Netflix has just made its biggest film purchase to date. The company has been making some very aggressive moves into feature film since fall of last year, but its latest buy sees the company going from “hey, we’re doing movies now” to “look out, we’re going to win Oscars.” Deadline reports Netflix bought the rights to True Detective director Cary Fukunaga’s African war drama Beasts of No Nation starring Idris Elba. The publication reports that the deal is around $12 million and will include theatrical rights for the streaming service as well as plans for a “vigorous” awards campaign come Oscar season next year.

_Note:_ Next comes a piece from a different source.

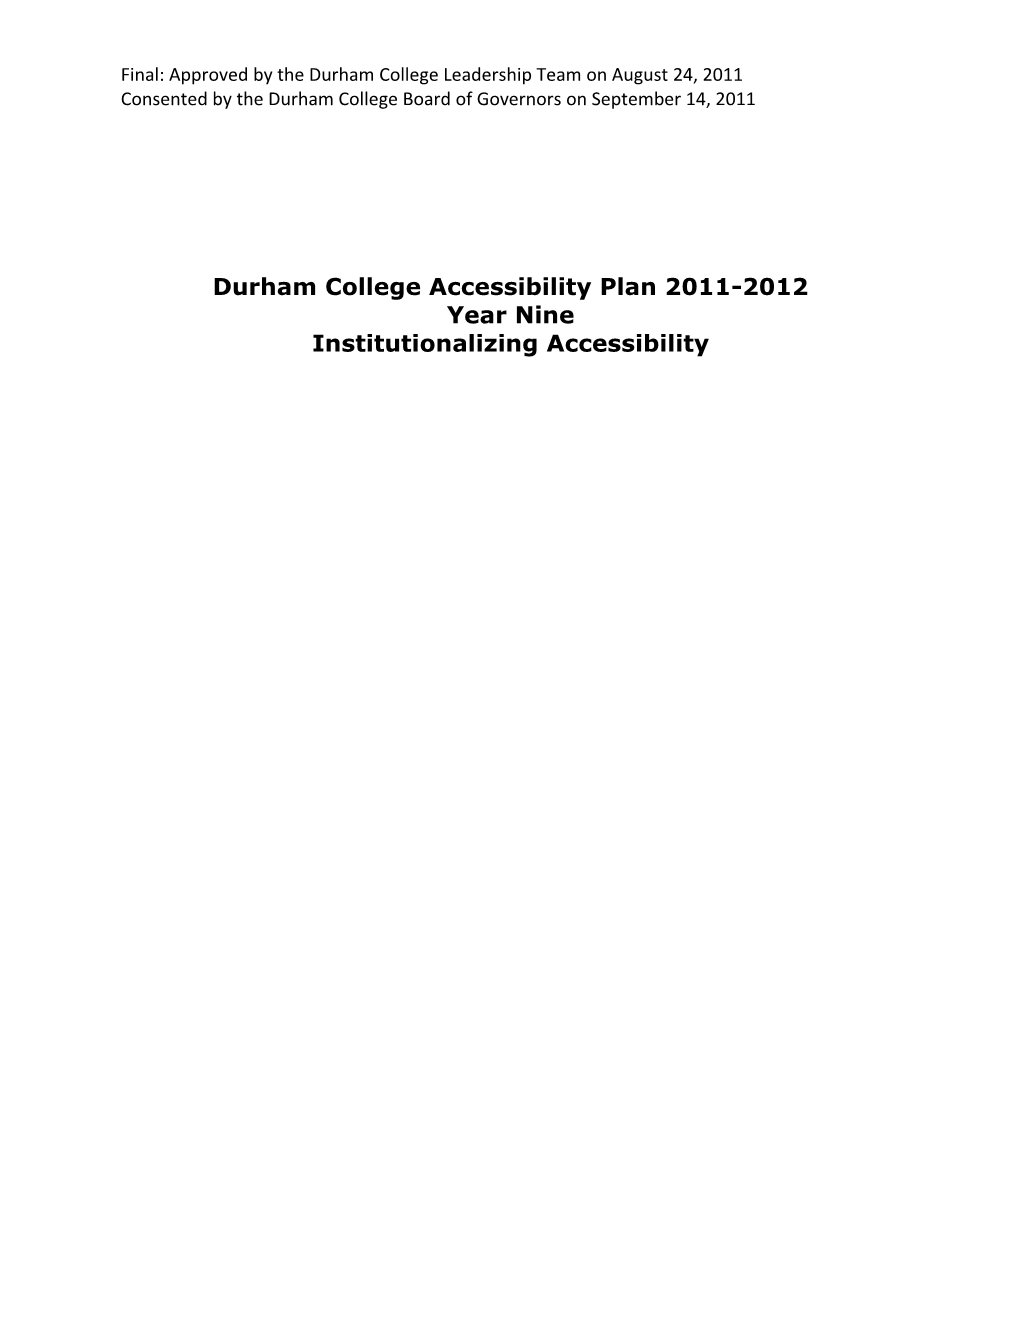 Durham Collegeaccessibility Plan 2011-2012

Beasts of No Nation is based on the novel of the same title by Uzodimna Iweala about a young boy who joins a band of militant fighters when the civil war in a west African country tears his family apart. Idris Elba plays the warlord who takes in the child soldier and breaks the boy down, removing his humanity to make him into a great fighter. Fukunaga wrote the adaptation himself.

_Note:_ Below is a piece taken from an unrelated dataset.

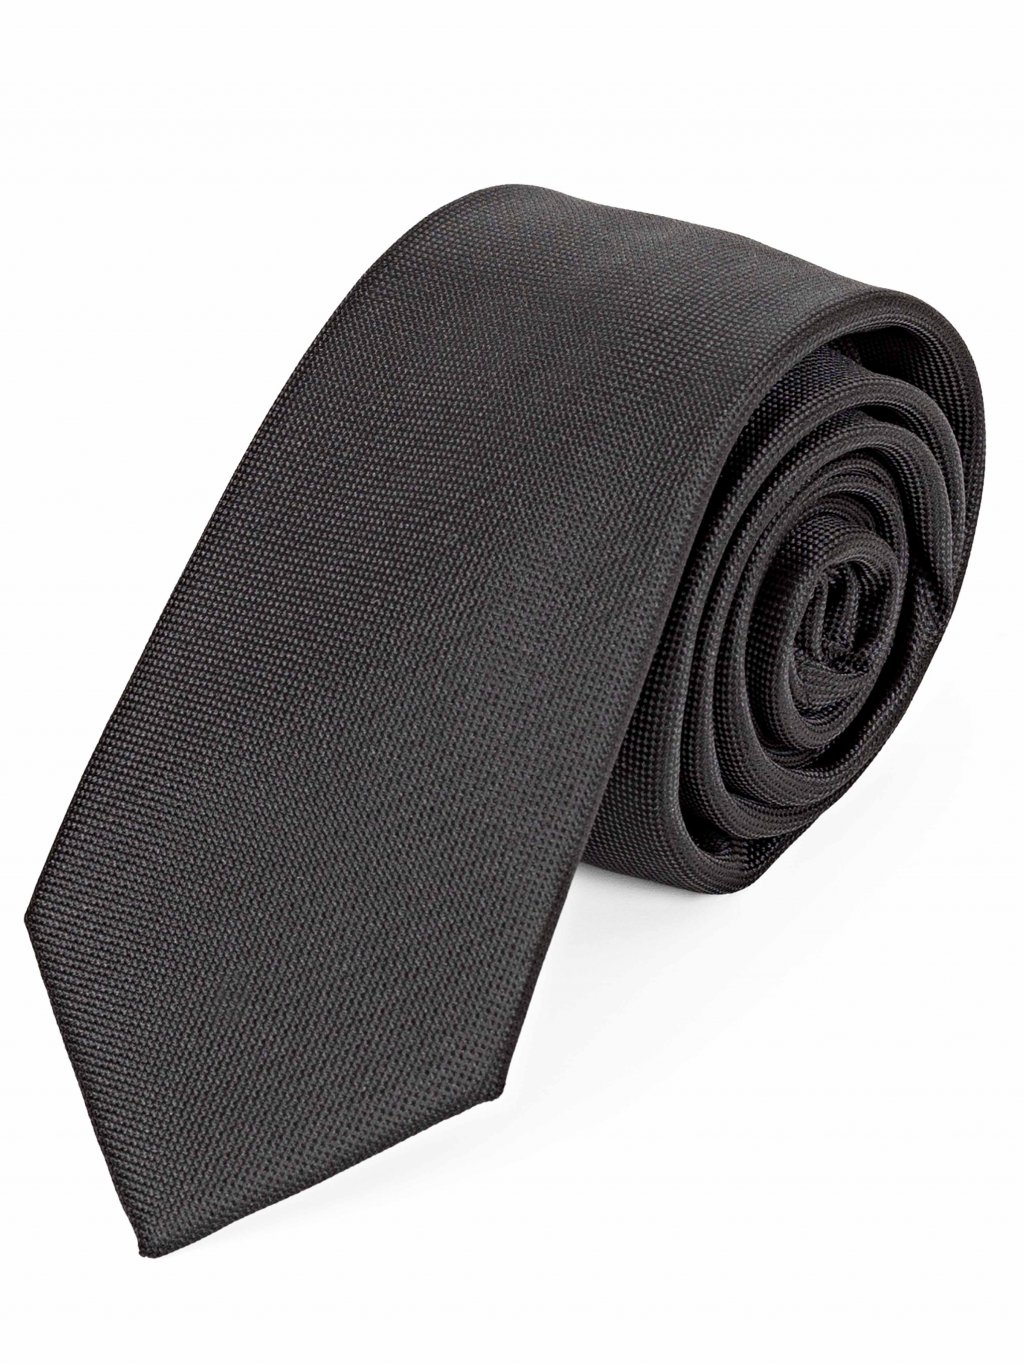 černá kravata Feratt

The brutal book was the Nigerian-American, Harvard-educated Iweala’s first novel, published when he was just 23 years old and fresh out of his undergraduate career. The book received glowing reviews for its unflinching look at the effect guerilla warfare has on a society and the way Iweala uses a sort of pidgin English to narrate through the young Agu’s perspective. “Only in art can so much be demanded — and given. Iweala shows Agu acting out the worst atrocities imaginable, but still we rush to forgive him,” said The New York Times’ review of the novel.

Just last month, the streaming service announced another film purchase that looks like it could draw attention come awards time. The war drama Jadotville will star Fifty Shades of Grey’s Jamie Dornan as the Irish commander Patrick Quinlan, and tells the true story of a 1961 siege of an Irish UN battalion by 3,000 Congolese troops. “The story of how Pat Quinlan led his troops against an overwhelming force without losing a single man is one of the great stories of the 20th century, and we are proud to be working with such a talented and committed team to bring it to life,” Netflix chief content officer Ted Sarandos said in a statement.

Jadotville didn’t have people exactly screaming “Oscar,” but now with Beasts of No Nation, industry watchers are doing just that. It’s hard to believe it was just two years ago that Netflix won its first Emmys for its original political drama House of Cards, and people were wringing their hands about how the streaming service was disrupting television. Now Netflix is building itself into a major media empire with movies that it believes will compete both commercially — look at Adam Sandler’s four-movie deal as well as the Crouching Tiger, Hidden Dragon sequel — and critically, come awards season.